No Coherent Indication of How to Gauge the Effectiveness of Gatekeepers’ Measures
The commission’s draft template requires gatekeepers to demonstrate that the measures they have implemented are “effective” in achieving the goals of Articles 5, 6, and 7 of the DMA.
While it would have been desirable for the DMA to specify early on exactly how effectiveness is to be measured, doing so at a later stage is acceptable (and not entirely uncommon), assuming the relevant parameters are clear and transparent and that prospective gatekeepers are granted sufficient time to adapt to the new regime.
The draft template, however, published just three months before the first gatekeeper designations are expected to be made, falls short in this respect. It places the onus of measuring effectiveness almost entirely on the gatekeepers, with little to no guidance from the commission regarding how it will evaluate gatekeepers’ efforts to keep in line with the DMA.
According to the draft template, gatekeepers must provide an explanation of:
…how you have assessed compliance with the obligation, including whether any assessment projects, such as external or internal audits have been carried out.
But neither the DMA nor the draft template describe what effectiveness means. Paragraph 2.12 of the draft template includes a “minimum” list of 19 items that gatekeepers must provide to demonstrate compliance, but leaves unclear whether (and if so, how) these items effectively achieve the DMA’s goals.
Some items listed in Paragraph 2.12 are purely descriptive, such as information pertaining to when the measure was implemented or its product/geographic scope. Others have an ambiguous relationship with the DMA’s goals, such as product changes or alterations of the customer experience (warnings, consent forms, system updates, etc.). Likewise, it is unclear how consultations with end users and business users could prove that the measures the gatekeeper has implemented are effective.

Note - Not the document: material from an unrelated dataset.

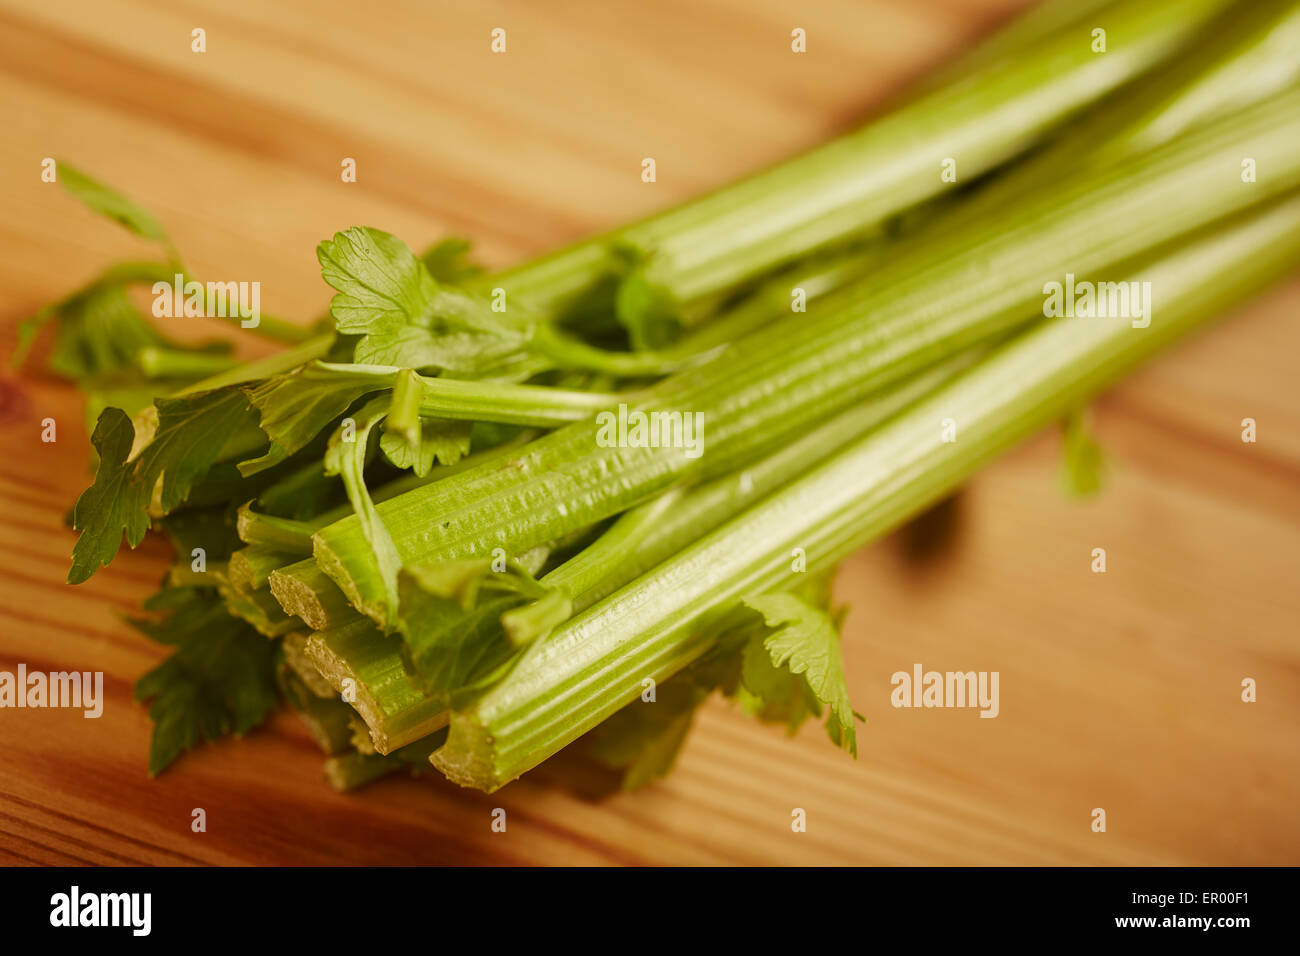 a head of American celery Stock Photo
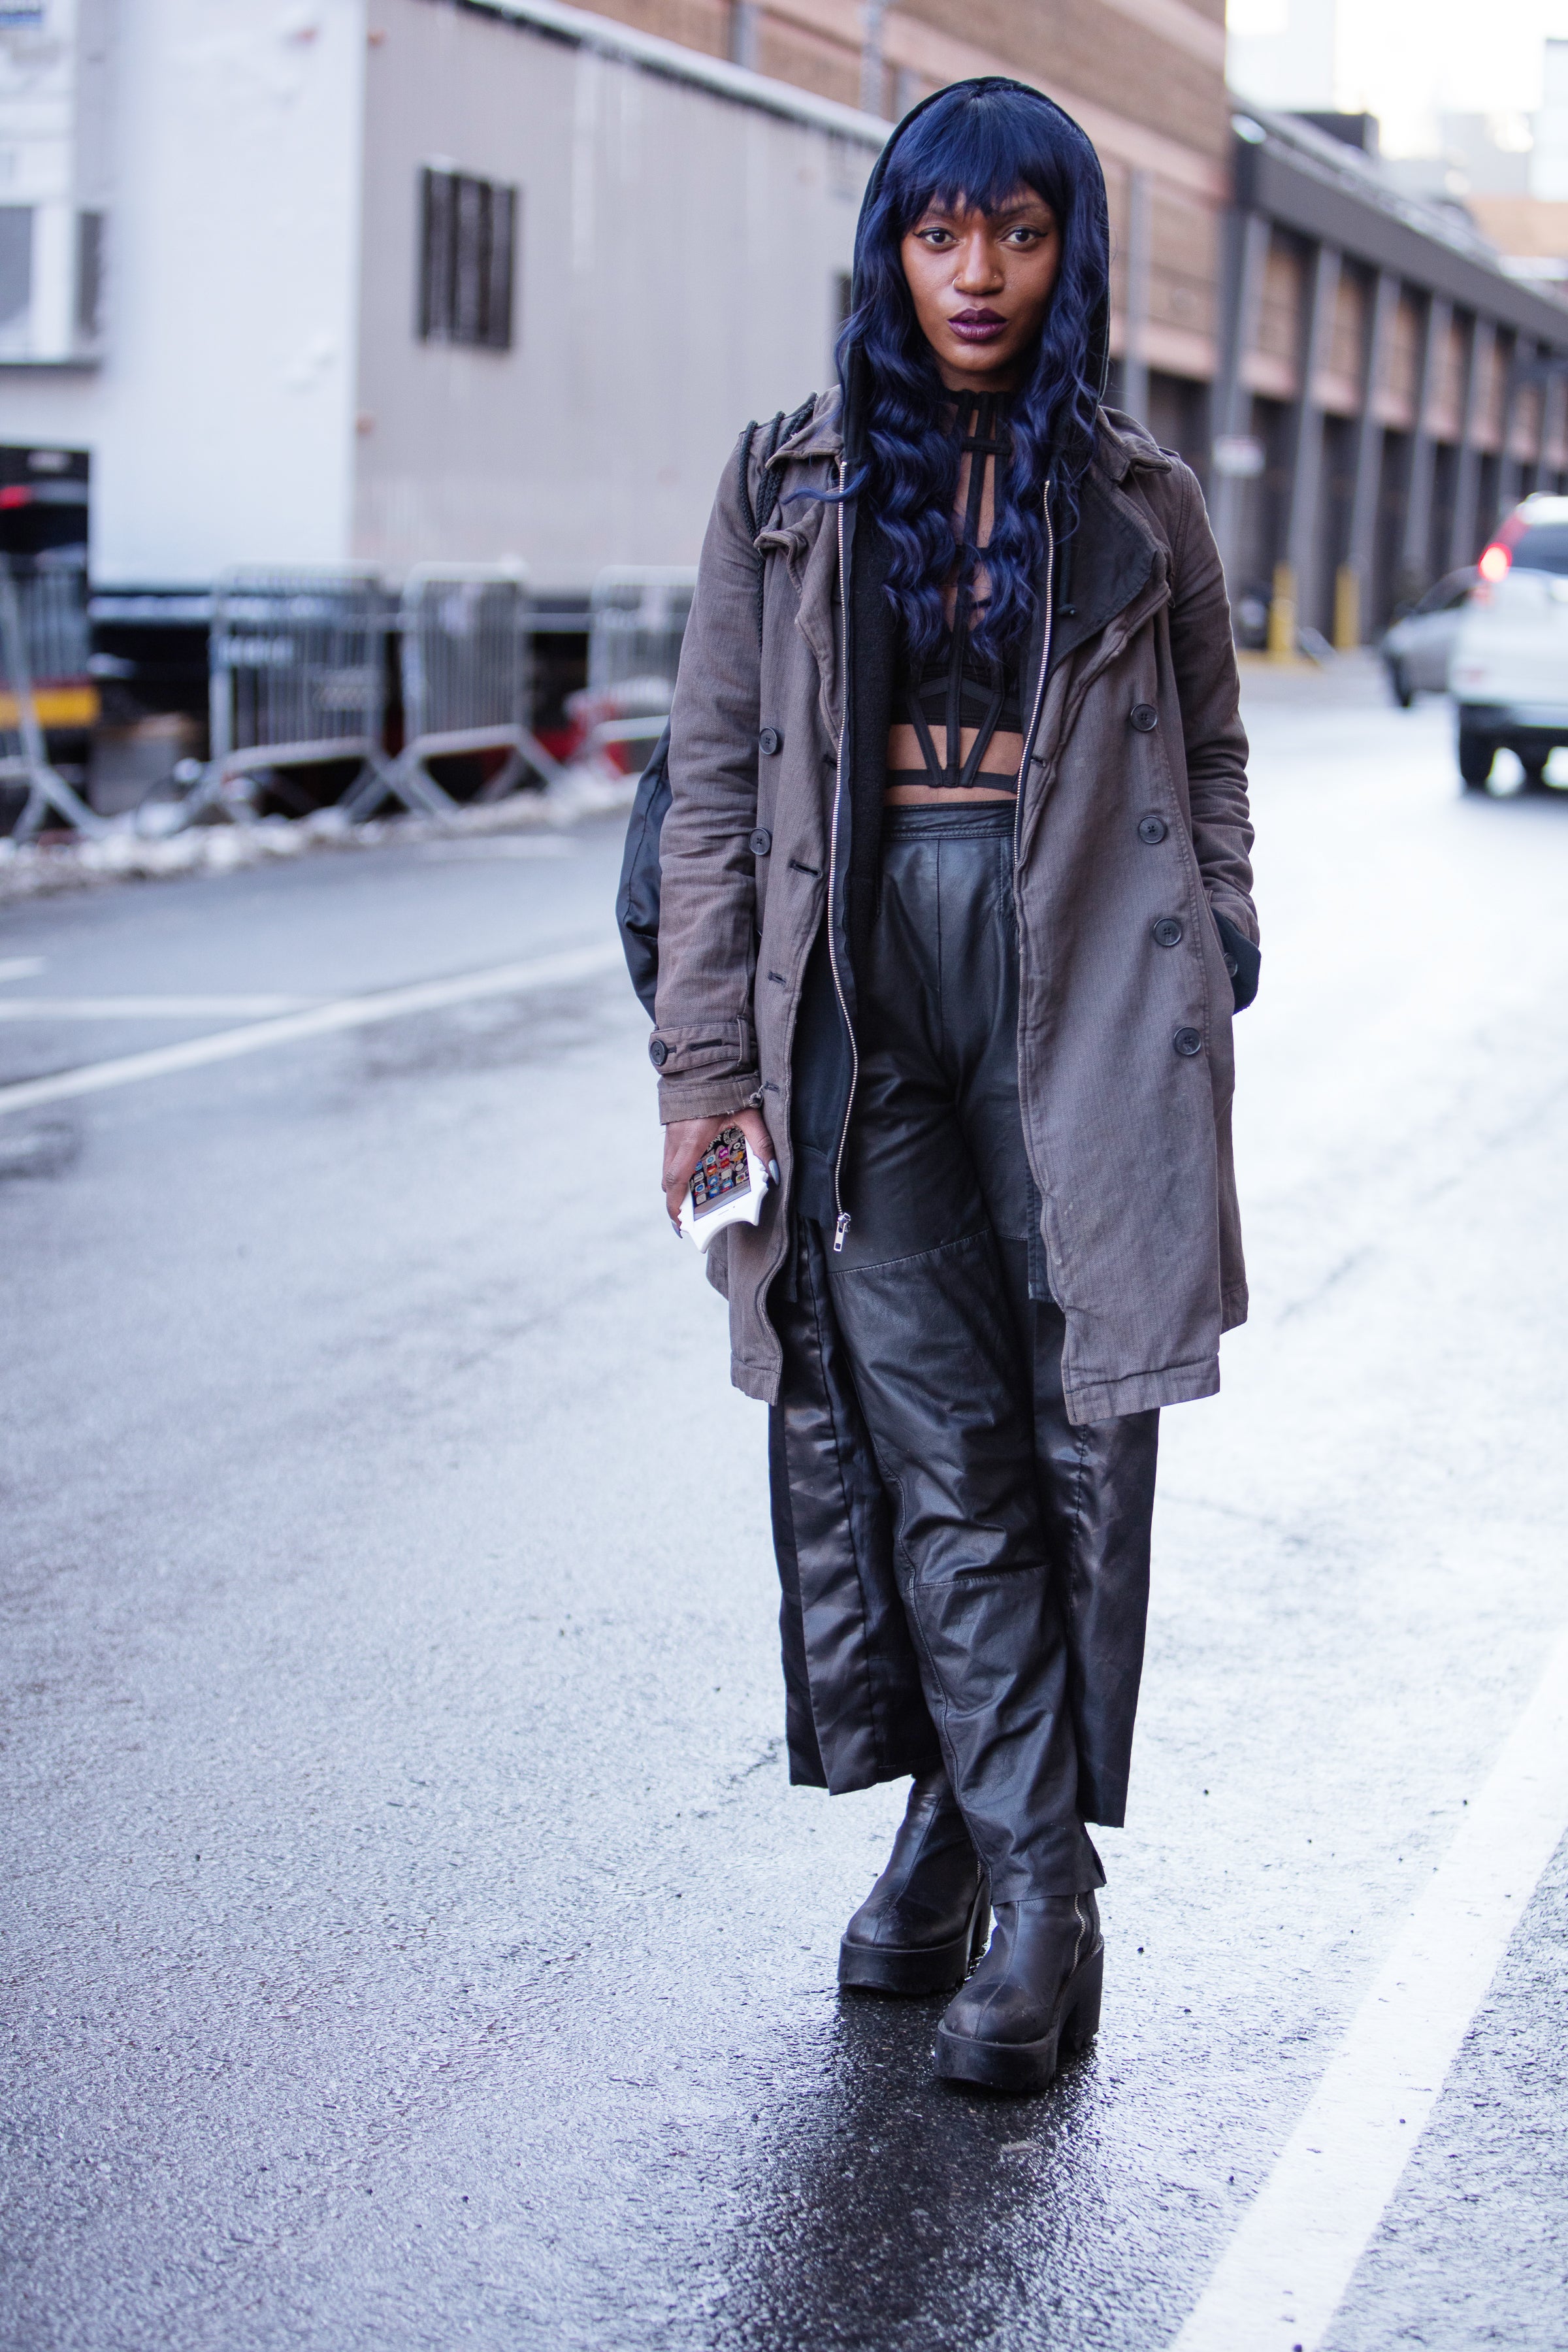 Best Street Style From New York Fashion Week - Essence

These problems are particularly acute with regard to the data that gatekeepers must provide to the commission. For example, the draft template asks gatekeepers to share:
[A]ny relevant data which can inform whether the measure is or will be effective in achieving the objectives of [the DMA], such as, depending on the circumstances, data on the evolution of the number of active end users and active business users for the relevant core platform service and, for each relevant obligation, data on the evolution of the fees and revenue share for the relevant services, the interaction of end users with choice screens and consent forms, the amount of in-app purchases, the amount of pre-installed defaults, counts of end users who switch, counts of business users who obtain data access, etc..
But how can gatekeepers ascertain what data is relevant? For example, is an increase in the number of users an indicator that the measures the gatekeeper has implemented are ineffective in achieving the DMA’s goals? If so, why? It is not (at least, not explicitly) the DMA’s objective to reduce a gatekeeper’s number of end or business users, so it is unclear why this information might be relevant.
If users keep choosing an app that used to be the “default” option, what conclusion is to be drawn? Similarly, what conclusion is to be drawn if the number of users switching is lackluster? It could very well be that the measures the gatekeeper implemented were insufficient to achieve the DMA’s goals. On the other hand, it is equally plausible that regulators’ ends don’t align with consumers’ preferences—i.e., that users prefer not to switch because rivals’ products are less appealing.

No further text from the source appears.